Ты упомянула, что идентифицируешь себя также как поэтессу. Я вспомнила выпуск “Школы злословия” с Марией Степановой. На вопрос, как она себя называет: поэт или поэтесса, — её выбор пал на первое, так как она считает, что поэтесса пишет в основном о женских проблемах. Как себя ты предпочитаешь называть?

Я прям поэтесса-поэтесса, принципиально всегда это говорю.
Я училась во ВГИКе, на режиссёрском, и я помню, как называла себя режиссёркой. Это был махровый 2014 год, когда феминитивы не были так распространены, как сейчас. Я помню, как я бифилась за феминитивы, поэтому писательница, поэтесса, журналистка, художница — все эти идентичности мне намного комфортнее. 

Можешь побольше рассказать о своём киноведческом образовании? Что привело тебя во ВГИК?

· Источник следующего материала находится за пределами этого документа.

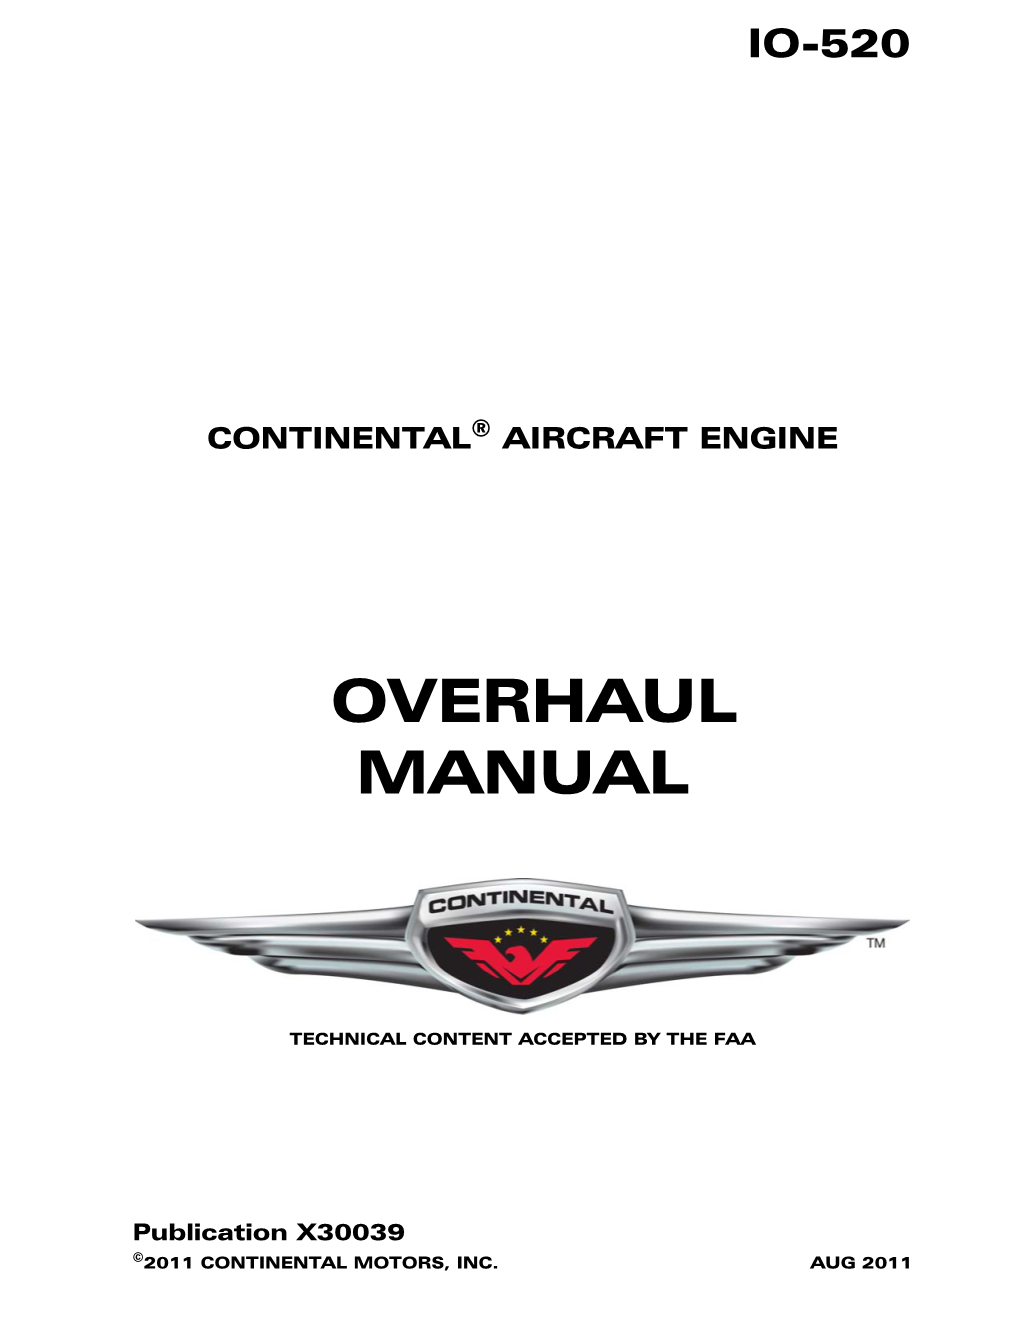 IO-520 Overhaul Manual

Всё началось, когда мне было 16 лет, и я думала, кем хочу стать. Помню, что у меня были сомнения, не было какого-то понятного представления о будущей профессии, и пошла подавать документы во ВГИК на режиссёрский факультет. Это было абсолютно out to blue, даже не помню, что меня на это сподвигло, кроме того, что мне было интересно. И я потом провела там 5 лет, довольно спорные 5 лет. Как итог — я получила режиссёрское образование, но никогда этим серьёзно не занималась.

А в какой момент возникла мысль, что хочется связать себя с литературой и писательским мастерством?

Когда я выпустилась из ВГИКА, я поняла, что у меня много пробелов в драматургии и сценарном мастерстве. Я помню, когда только появился Свободный университет, был курс Дмитрия Львовича Быкова, который назывался вроде как “Эволюция сюжета и жанра”. Подумала, что мне пригодится как для сценаристики, и написала мотивационное письмо. Меня взяли, и я начала туда ходить. В какой-то момент Быков начал обращать внимание на мои домашки: мы их писали, присылали, он их читал, и которые ему нравились, иногда выделял. Начал выделять мои, я подумала, что раз получается, то почему нет, и дальше увлеклась этим: попала как раз к Оксане Васякиной, и как-то дальше понеслось. То есть просто начало получаться, это начали замечать люди, и я поняла, что стоит этим заняться. 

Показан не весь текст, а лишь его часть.